Country-lord of Kammanu
- Reign: late 12th century BCE
- Predecessor: Kuzi-Teššub
- Successor: Runtiya
- House: House of Tudhaliya I
- Father: Kuzi-Teššub

= PUGNUS-mili I =

PUGNUS-mili I was a king of the Neo-Hittite polity of Kammanu, centered at Melid, during the early Iron Age (~12th century BCE). The reading of this individual's name is uncertain.

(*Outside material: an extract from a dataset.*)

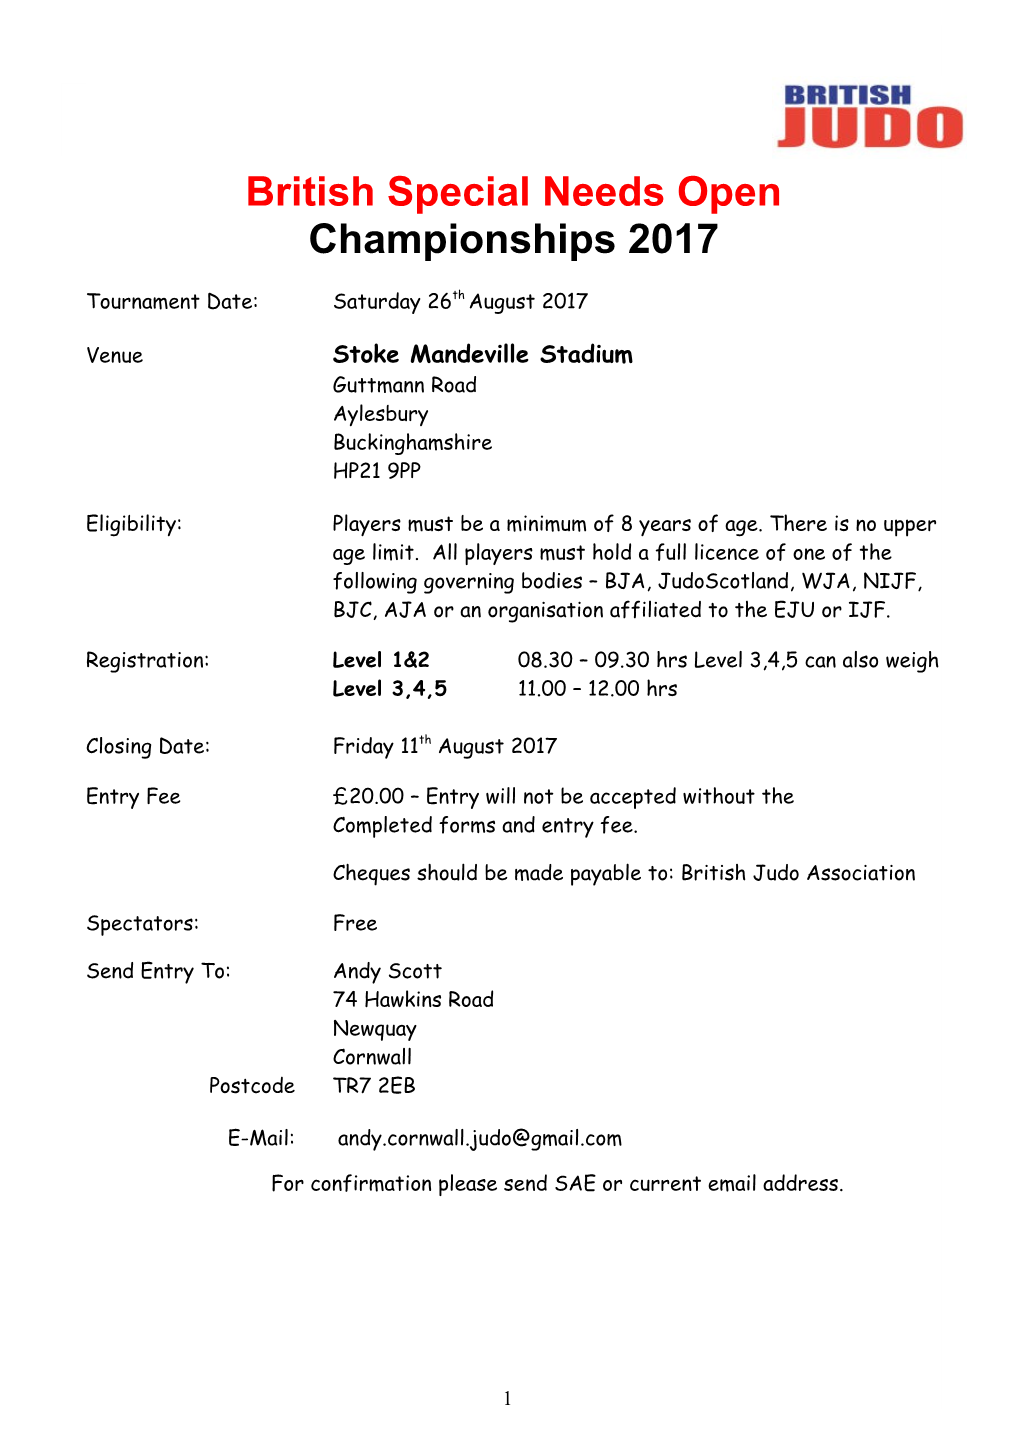 British Special Needs Open Championships 2017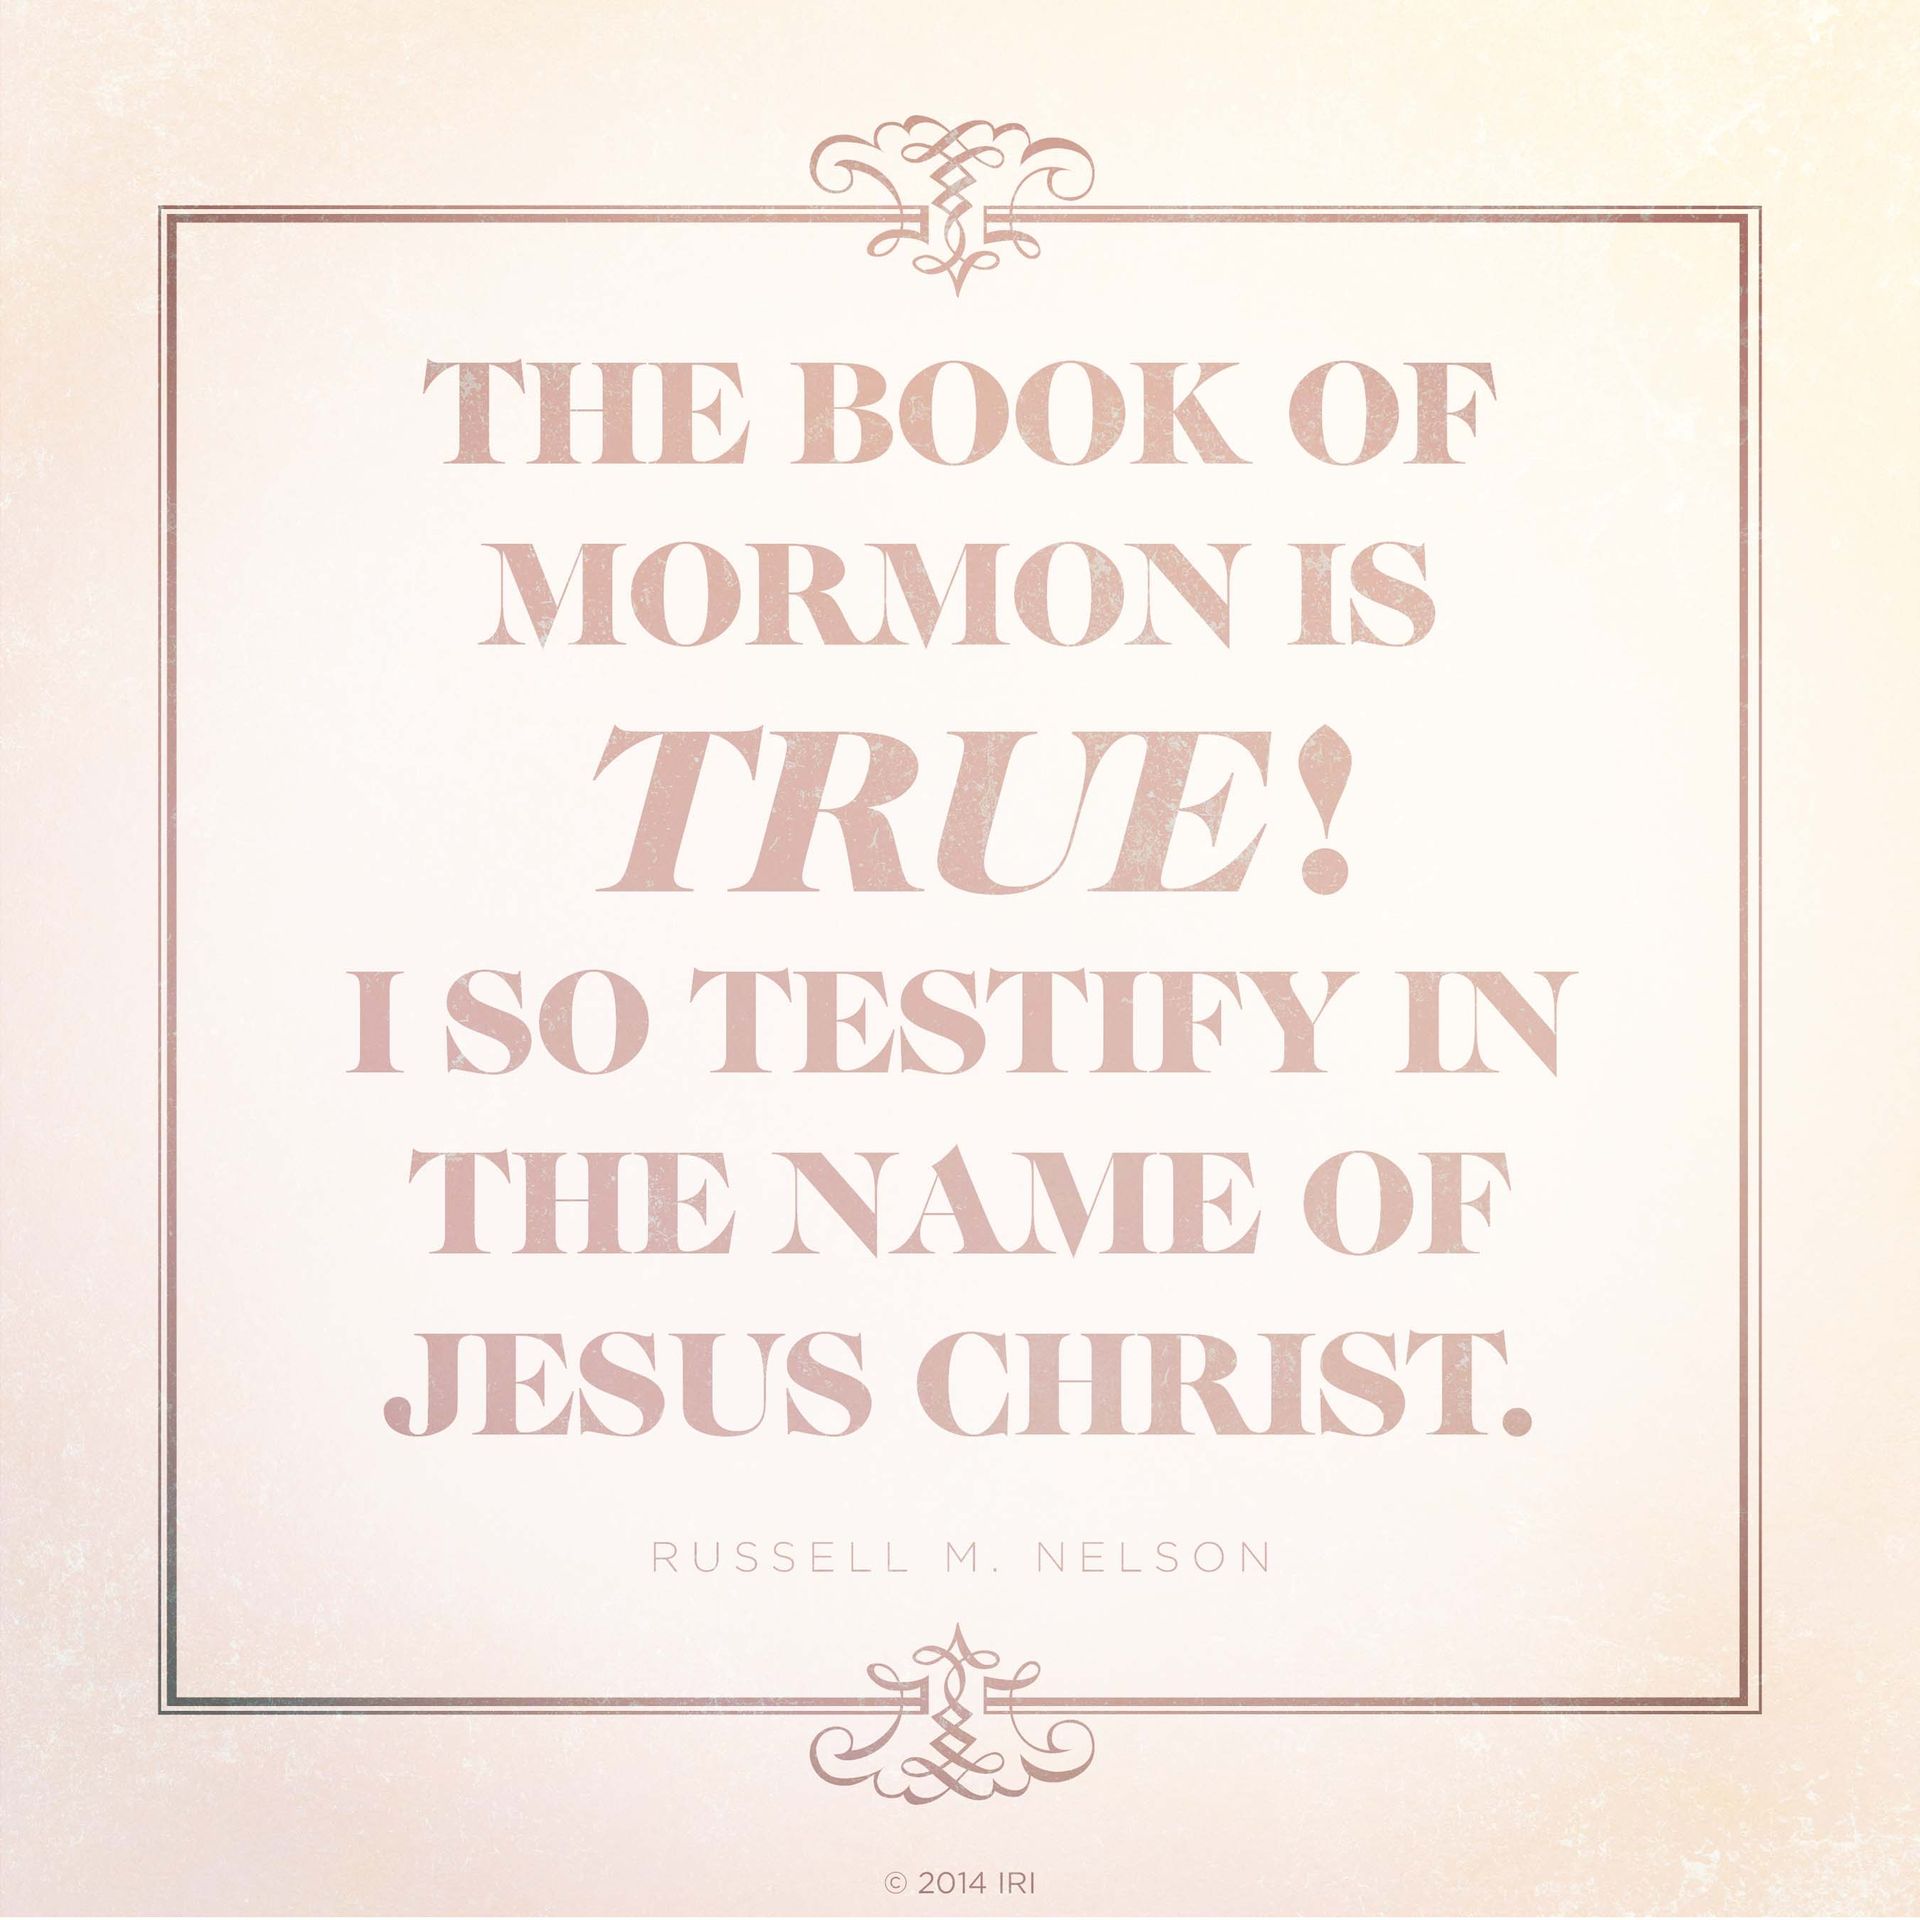 “The Book of Mormon is true! I so testify in the name of Jesus Christ.”—President Russell M. Nelson, “A Testimony of the Book of Mormon”

== Identity and attestations ==
PUGNUS-mili is the transcription of a royal name written in Anatolian hieroglyphs, the word "PUGNUS" representing a fist-shaped sign. The reading of this name is uncertain, but Assyrian cuneiform sources suggesting this king's name was in fact Allumalli, Allumili or Allumari. PUGNUS-mili was mentioned in the genealogical inscriptions of his son Runtiya (Inscriptions Gürün and Kötükale) and great-grandson Arnuwanti (stele from Darende), each rulers of Melid. These inscriptions name Kuzi-Teshub, king of Carchemish, as having been the father of PUGNUS-mili, but they do not refer to either as ever having been a king of Melid. This leaves ambiguity as to whether or not PUGNUS-mili was a king of Melid. An orthostat from Arslantepe (archaeological site of Melid) depicts a "King PUGNUS-mili" pouring libations for the Storm God, but it is unknown whether this depicts PUGNUS-mili I or II.